Fox released its highly anticipated LIV Golf broadcast schedule on Wednesday, and there are some interesting developments.
After announcing a new media rights agreement with Fox Sports last month that would see “over 50%” of LIV Golf rounds aired on Fox or FS1, golf fans now have clarity on what the full schedule will look like. According to David Rumsey of Front Office Sports, FS1 will air 84.5 hours of coverage (41%), FS2 will air 51 hours (24%), Fox will air 46 hours (22%), the Fox Sports app will air 22 hours of exclusive coverage (11%), and Fox Business Network will air 5 hours (2%).
With 78% of tournament windows on either cable or streaming, it’s difficult to say whether LIV’s deal with Fox will actually benefit them from a viewership standpoint. However, it seems like the circuit is doing at least one thing to help itself out.
The final three weeks of LIV’s season coincide with the PGA Tour’s three postseason tournaments. As such, the warring tours will be competing for eyeballs in a way we haven’t seen in previous seasons.
LIV has smartly decided to start some of its final round broadcast windows well before the PGA Tour’s coverage typically comes on the air.
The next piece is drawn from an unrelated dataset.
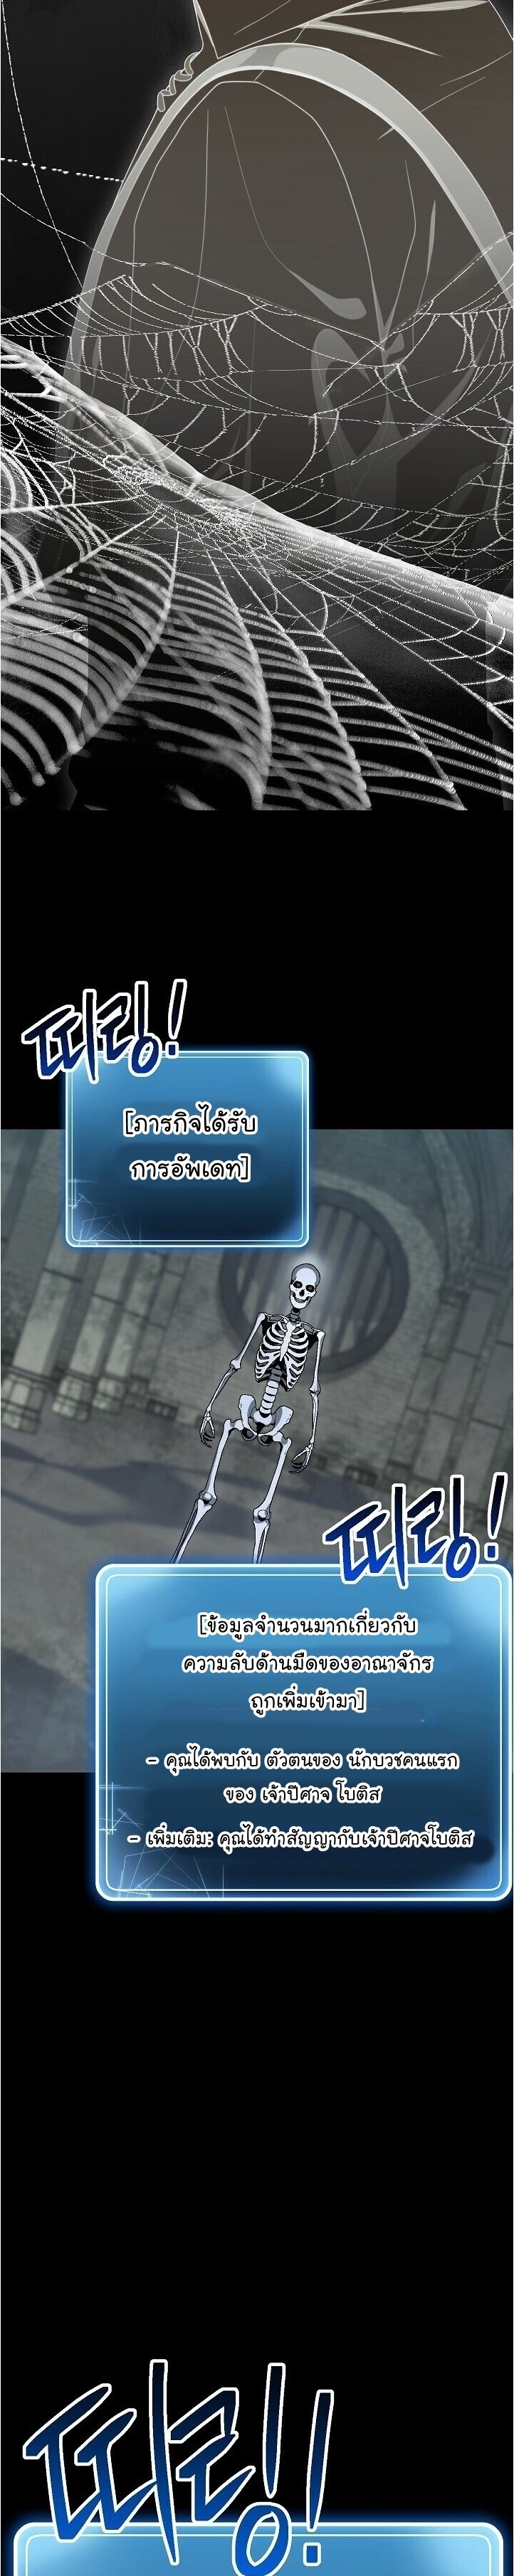 Skeleton Soldier 148 11

On Aug. 10, LIV Chicago’s final round will begin at 1 p.m. ET on Fox, an hour before the PGA Tour usually starts main coverage for its first playoff event, the St. Jude Championship. A week later, Fox begins coverage for LIV Indianapolis at noon ET, two hours before the PGA Tour typically goes live for main coverage of the BMW Championship.
The following week, LIV’s Team Championship will actually take the opposite approach. Fox will end its broadcast window one hour later than the PGA Tour’s Tour Championship would typically end, allowing viewers to catch the final hour of play after the PGA Tour concludes its season.
These are some shrewd decisions by the folks at Fox and LIV. There will certainly be a drafting effect of golf fans channel surfing between Fox and CBS as both tours enter the crucial portions of their seasons. And staggering the times so their events don’t completely overlap with the PGA Tour will prevent them from being completely overshadowed.
Still, the amount of inventory LIV Golf will have on cable — especially on the little-watched FS2 — may prove detrimental to the league’s overall viewership figures this season. With its old deal on The CW, LIV got two guaranteed windows on broadcast television each week. Now, just 22% of its coverage will be on broadcast, albeit with a much bigger network in Fox.
Whether the Saudi-funded golf league will have enough juice to pull viewers to FS1 and FS2 will determine whether the new deal is a success.
But one thing is clear: the league has put a ton of thought into how it has scheduled its events. Players this week will be teeing off at night in Riyadh to accommodate U.S.-friendly television windows, and two of those rounds air on FS2.
LIV Golf is pulling out all the stops, let’s see if it pays off.